The really nice thing about it is that it works in *exactly* the same way as DNA. They fetch data from their database, turn it into XML, then pass that through an XSLT transformer to present to the user. With the webservices, though, you can get the raw XML directly or tell it to use your own stylesheet. All things which the DNA engine can do. I was almost going to try using a slightly modified h2g2 stylesheet with Amazon's service, but then I noticed they put a 20K limit on the size of the stylesheet they allow - sensible because they are caching these on their own servers, and they don't want to hold huge files (the base DNA stylesheet is almost 1M in size).

Now, I realise that this is really the only way to do this kind of stuff, but I do feel a certain amount of pride that a large (and smart) company like Amazon has arrived at the same point (albeit two years later).

If I thought we had a snowball's chance in hell of getting it past editorial policy, it would be great to have an tag which could be expanded into a listing of the book's details. That would be great for 'What book are you reading' wouldn't it?


Amazon Webservices

Post 2

SEF

I found the book listings were different on Amazon's American site than their English one. Have they had the sense to make the XML code the same on both?


Amazon Webservices

Post 3

Frankie Roberto

Looks interesting.

The XML/XSLT route does seem to be getting a lot more popular - but not many webproviders seem to offer it as part of a package (server-side xslt that is).


Amazon Webservices

Post 4

Jim Lynn

Probably because XSLT solutions for Unix aren't particularly high-performance. For a very long time (and possibly still - I haven't looked recently) Microsoft's MSXML component was the best performing XSLT engine by a very long way, and obviously it only works on Windows. Which is another reason why we're still running on Windows servers when the rest of the BBC runs on Solaris.


Amazon Webservices

Post 5

Tango

Does this mean there's precedent for releasing this kind of raw XML? Might this help persuade TPTB to do the same with h2g2? smiley - grovel

Tango smiley - winkeye


Amazon Webservices

Post 6

Jim Lynn

It's only a matter of time.

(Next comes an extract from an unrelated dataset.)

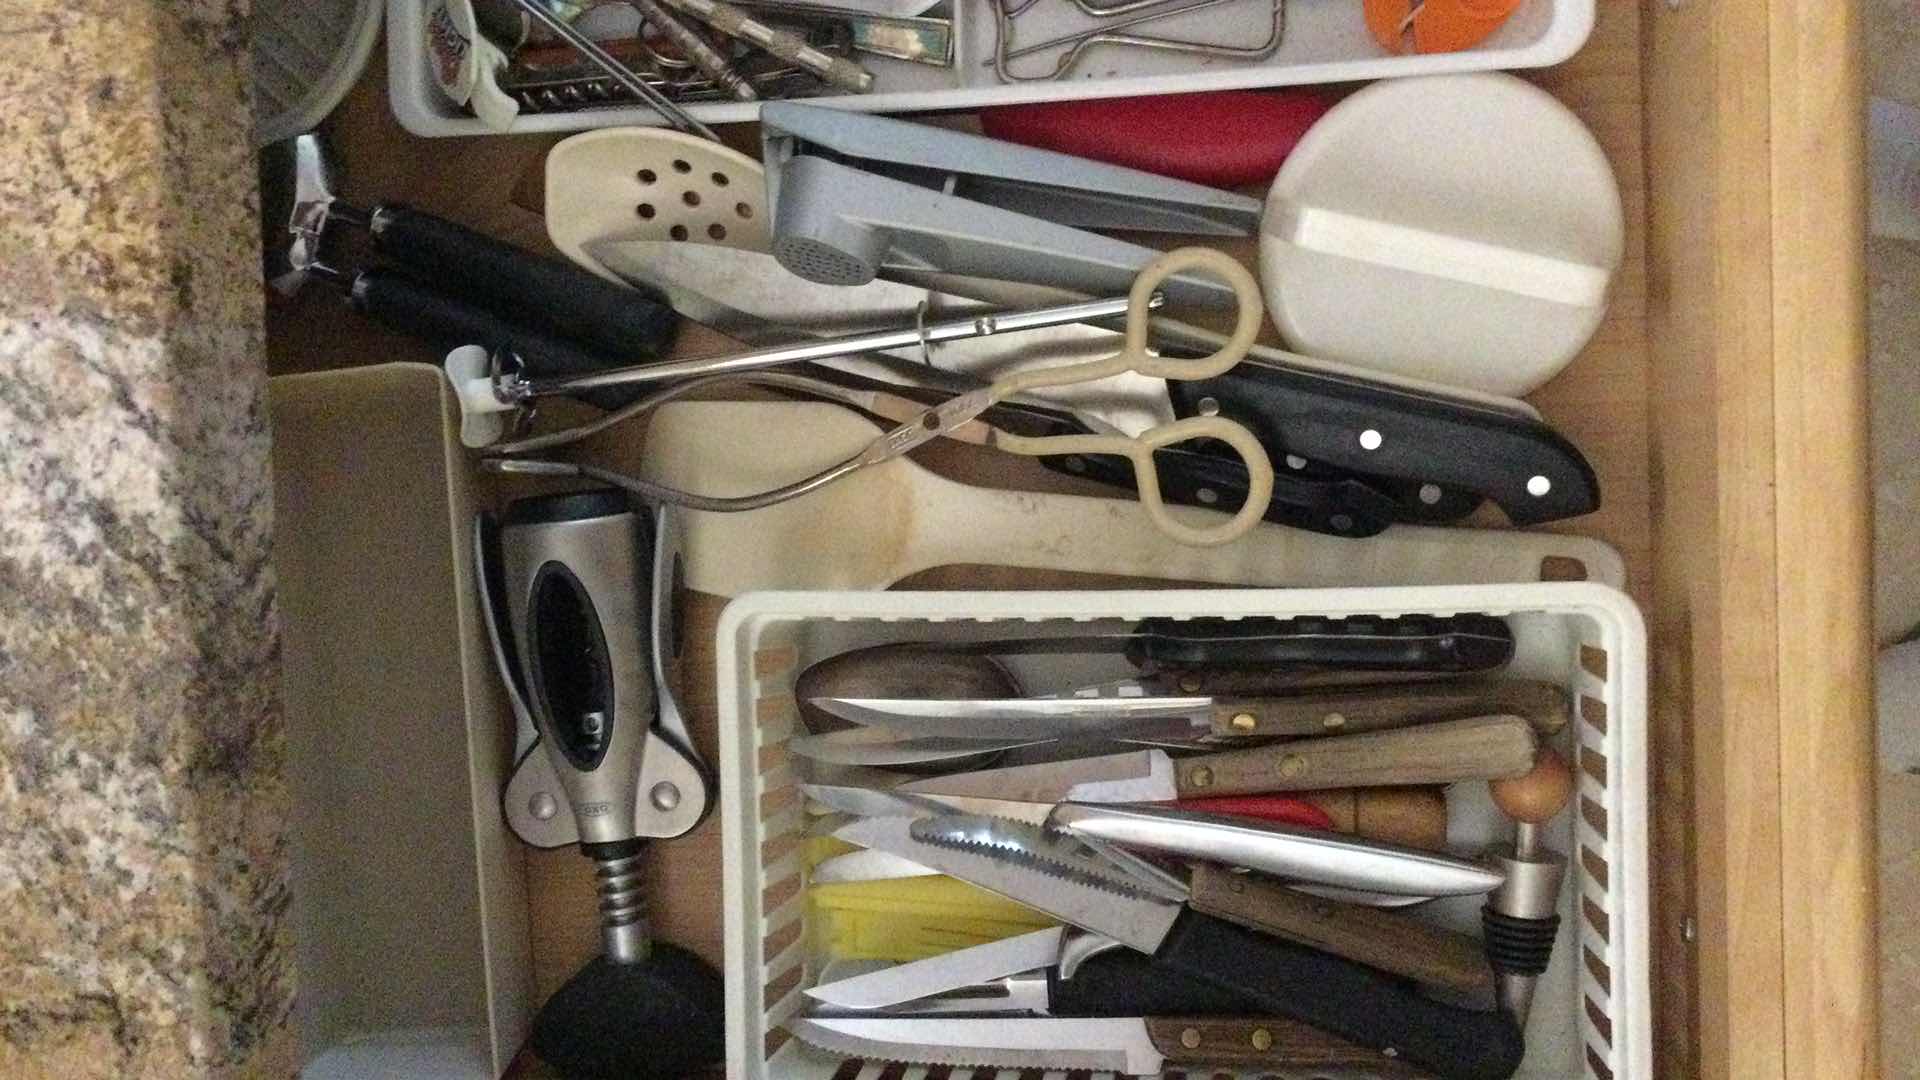 Photo 2 of CONTENTS IN KITCHEN DRAWER TOOLS & UTENSILS

We're busy with other things at the moment, but once we get some time to check that we're not putting anything into the XML that needs to be private (which doesn't matter at the moment because that kind of thing is hidden by the XSLT) and we should be able to just open up the XML directly.


Amazon Webservices

Post 7

Tango

You know, if it weren't for "time", h2g2 would be absolutely perfect by now... smiley - winkeye

Good luck! smiley - smiley

Tango


Amazon Webservices

Post 8

DoctorMO (Keeper of the Computer, Guru, Community Artist)

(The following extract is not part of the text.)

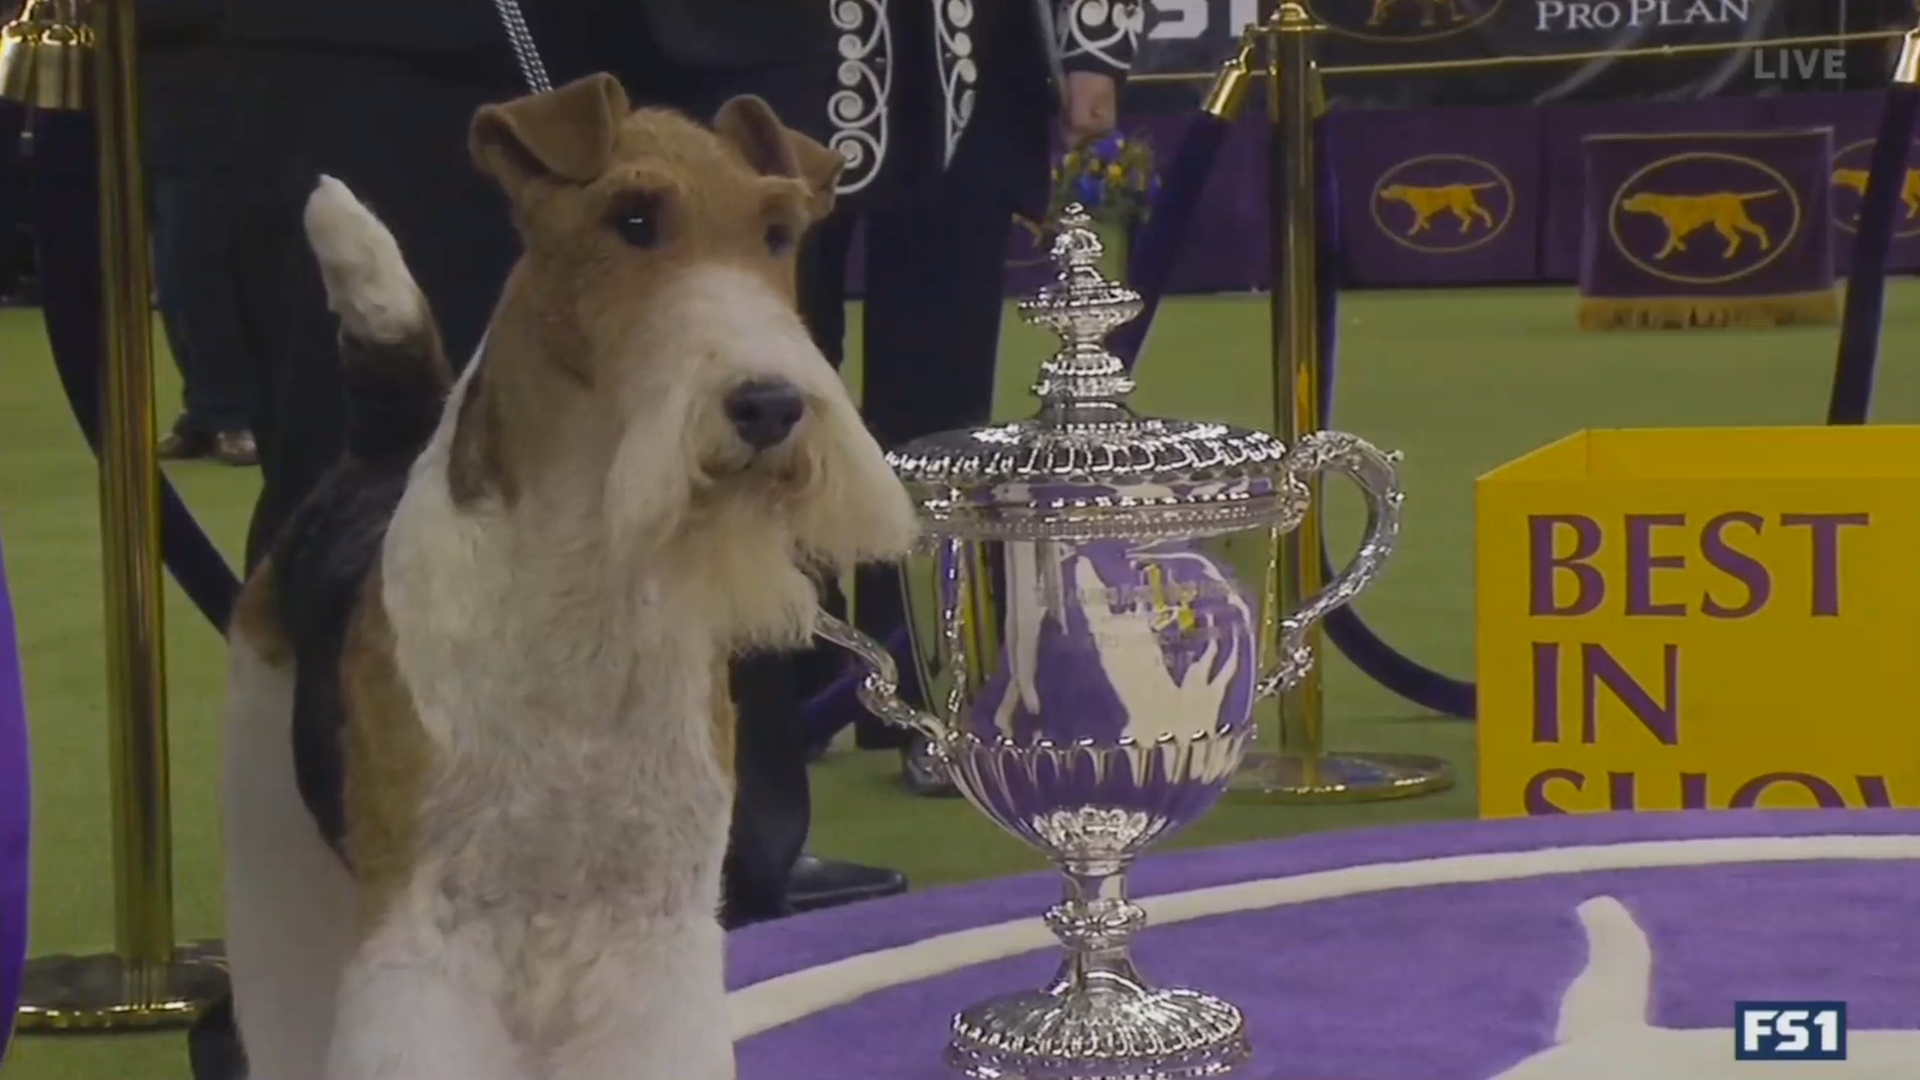 Wire Fox Terrier claims Best in Show amid controversy at Westminster Dog Show [Video]1920 x 1080

Yes, the time stream realy gets on my nerves too.

Tis the only thing about H2G2 I dislike, Windows Servers, and the proof is in the pudding.

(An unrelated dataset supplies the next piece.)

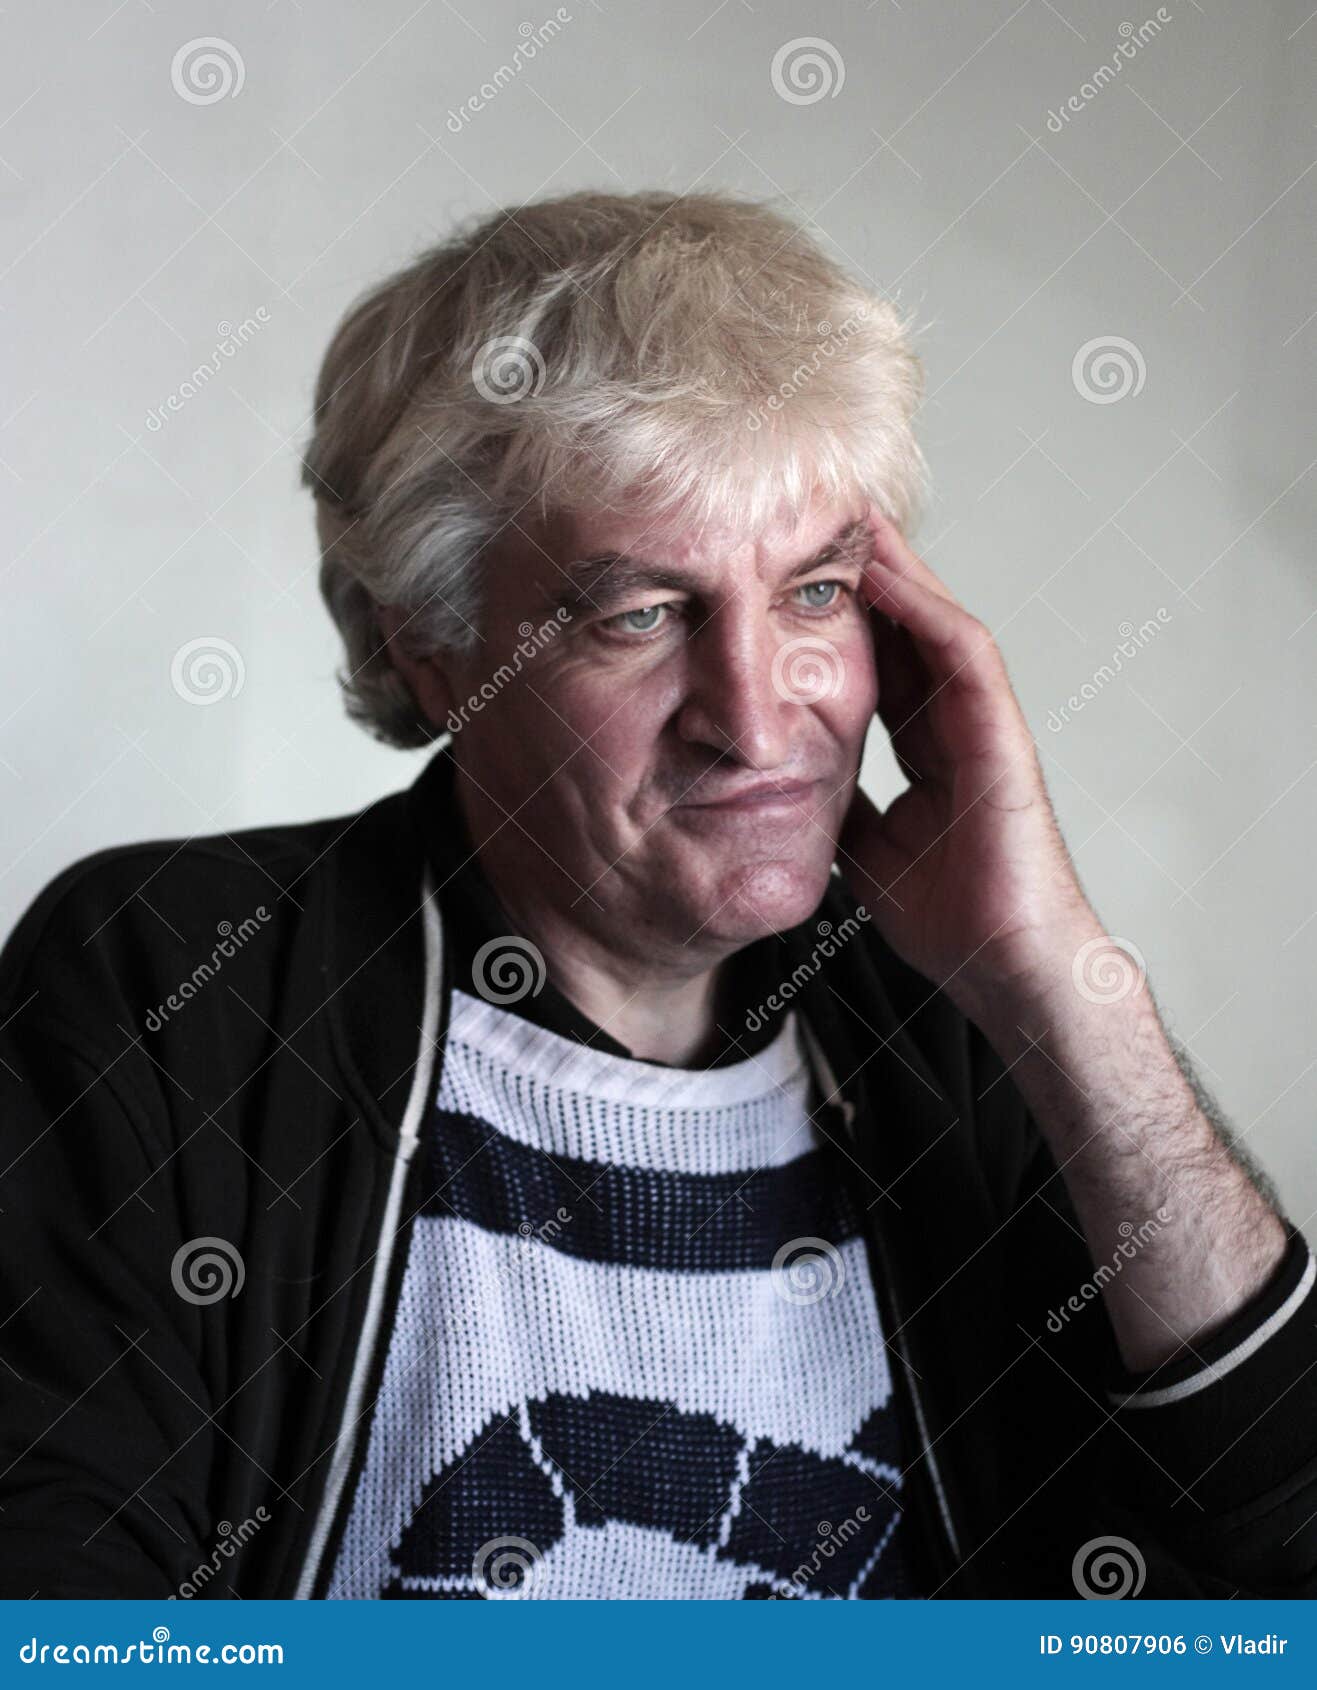 Portrait Man In His 50s With Blond Hair Stock Photo Image Of

So er, they still don't have xslt for *nix, I find that hard to belive.

-- DoctorMO --


Amazon Webservices

Post 9

Spelugx the Beige, Wizard, Perl, Thaumatologically Challenged

I've just been looking at the xslt packages for perl available on debian (apt-cache search libxslt | grep perl), and I can see two: XML::XSLT, which appears to be a pure-perl solution, with some unfinished features; and XML::LibXSLT, which describes itself as:

'This module is an interface to the gnome project's
libxslt. This is an extremely good XSLT engine, highly
compliant and also very fast. I have tests showing this to
be more than twice as fast as Sablotron.'

I'll (hopefully) be playing with it this afternoon, so I'll tell you all how fast it is then.


Amazon Webservices

Post 10

Jim Lynn

I didn't say there weren't any XSLT engines for unix - there are, plenty of them. But so far, their performance doesn't match up to what we've already got. That's assuming they can even cope with our stylesheets - last time I tried Xalan, the Apache XSLT engine, it core-dumped every time I tried to get it to use our stylesheet. But then, we've had that effect on virtually every XSLT product we've tried it on. The ActiveState Visual-XSLT tool would simply vanish if I tried to get it to load ours. I reported the bug to them, and after a long period of silence, I heard that they fixed it - but the had to re-architect large parts of their code to make it work with such a large stylesheet.

Pah. Amateurs.

And Sablotron got much of its speed from not being completely 1.0 compliant, as far as I can remember.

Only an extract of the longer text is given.